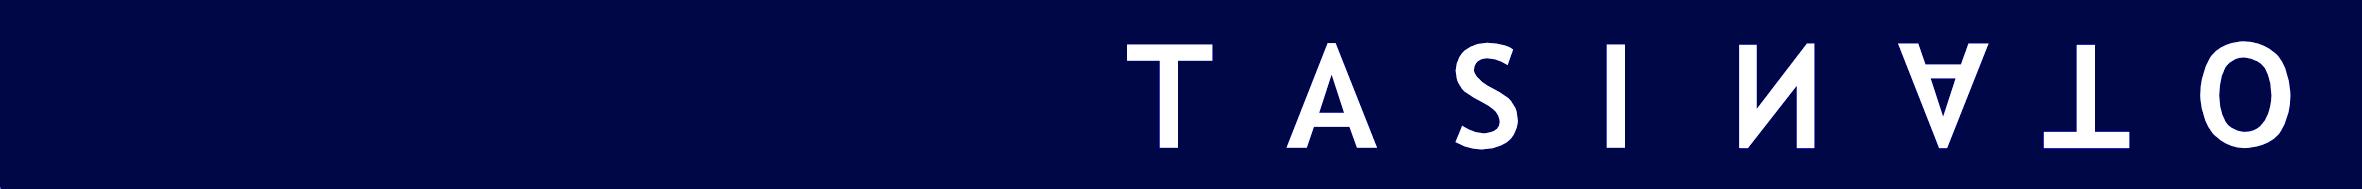 Ferruccio Tasinato
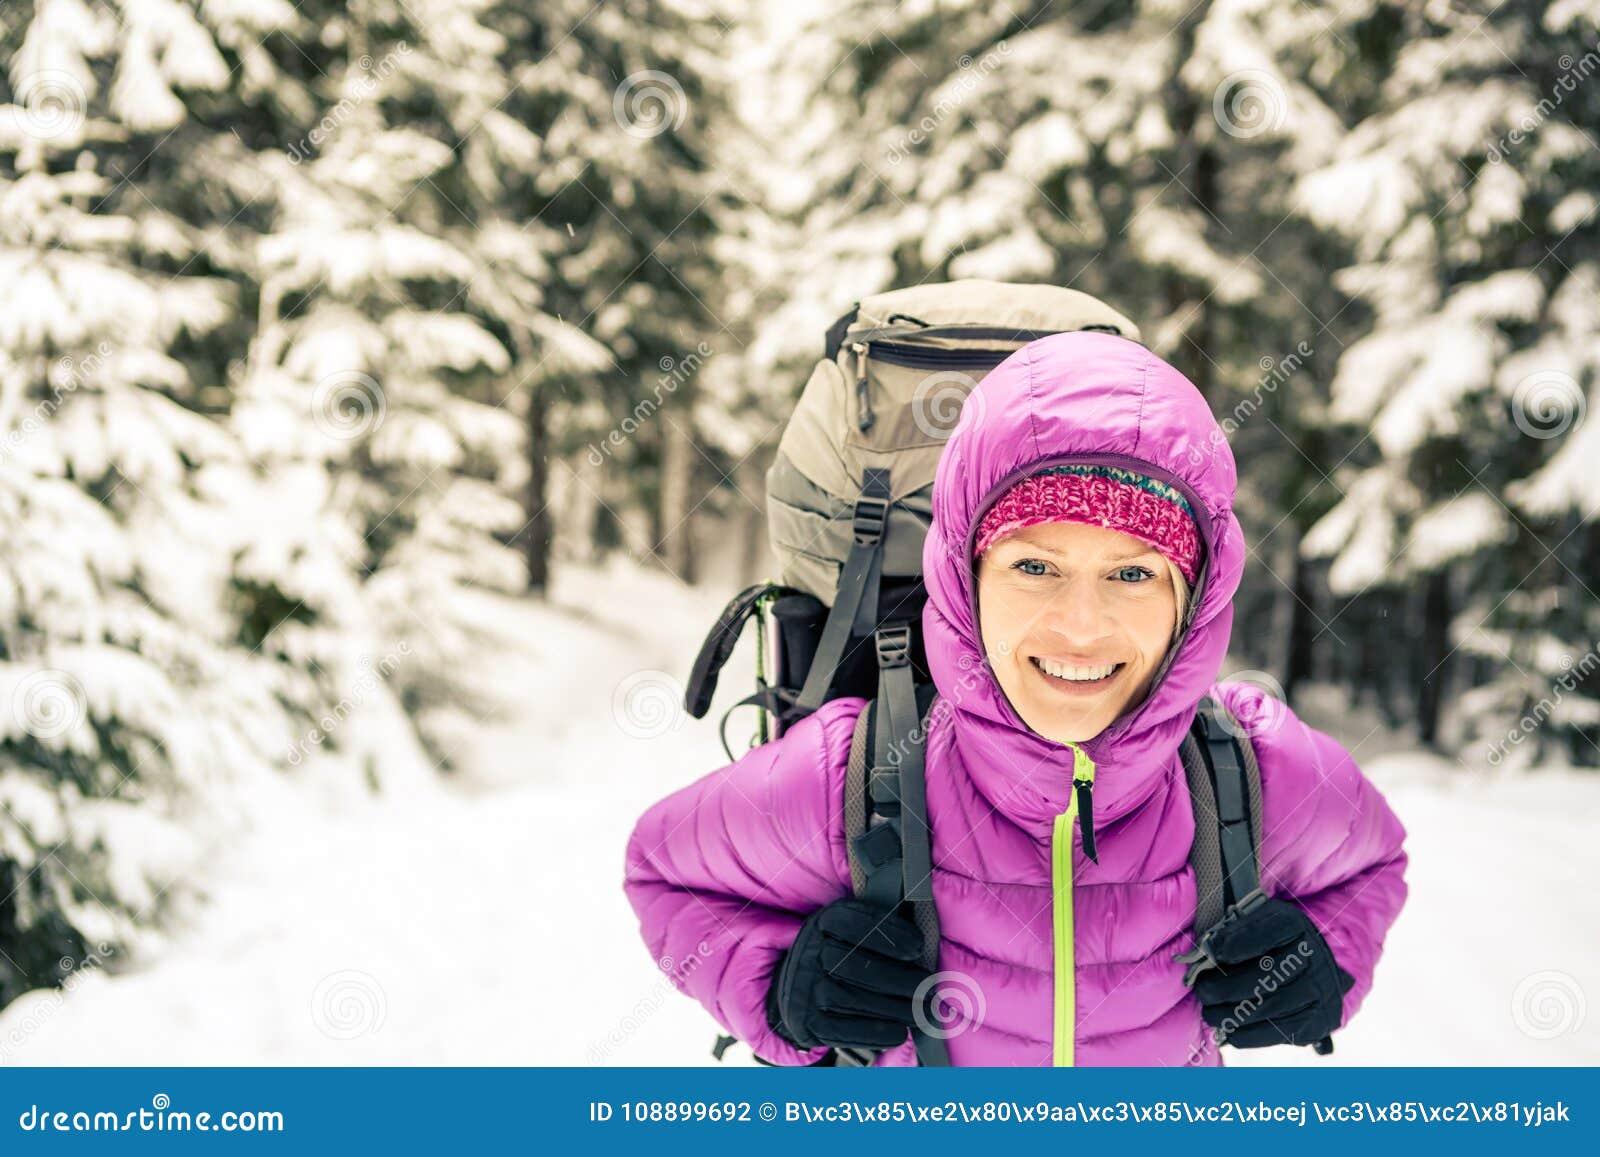 D'hiver Le Dans Forêt Sac Marchant Dos La Heureuse À Avec Femme qUzVSpM
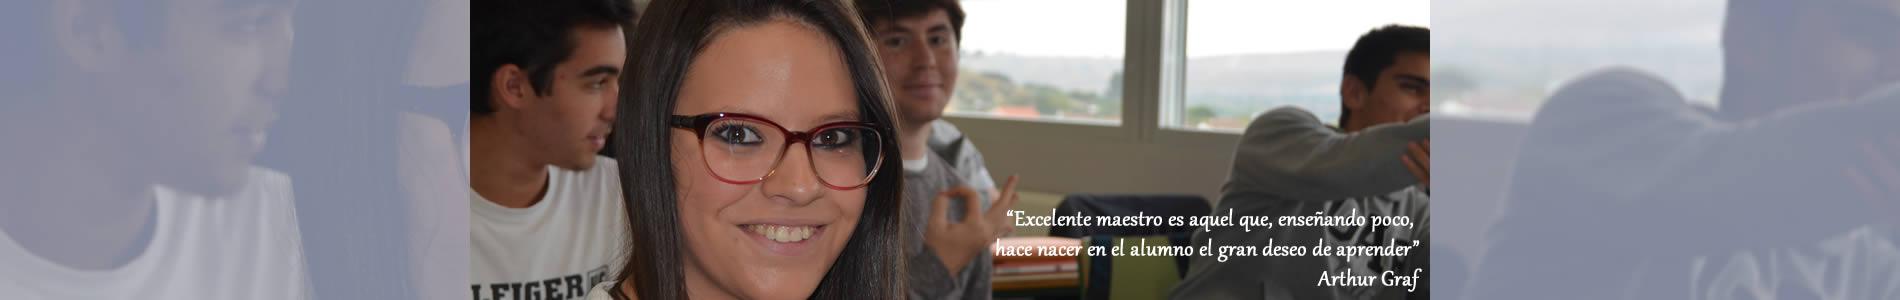 COLEGIO MAYOL - COLEGIO INTERNADO - EDUCACIÓN INFANTIL GUARDERIA III

+++

■ What is being asked ■
A word-for-word transcription of the listing is needed, minus its images.

■ Exercise result ■
 Ferruccio Tasinato
 D'hiver Le Dans Forêt Sac Marchant Dos La Heureuse À Avec Femme qUzVSpM
 COLEGIO MAYOL - COLEGIO INTERNADO - EDUCACIÓN INFANTIL GUARDERIA III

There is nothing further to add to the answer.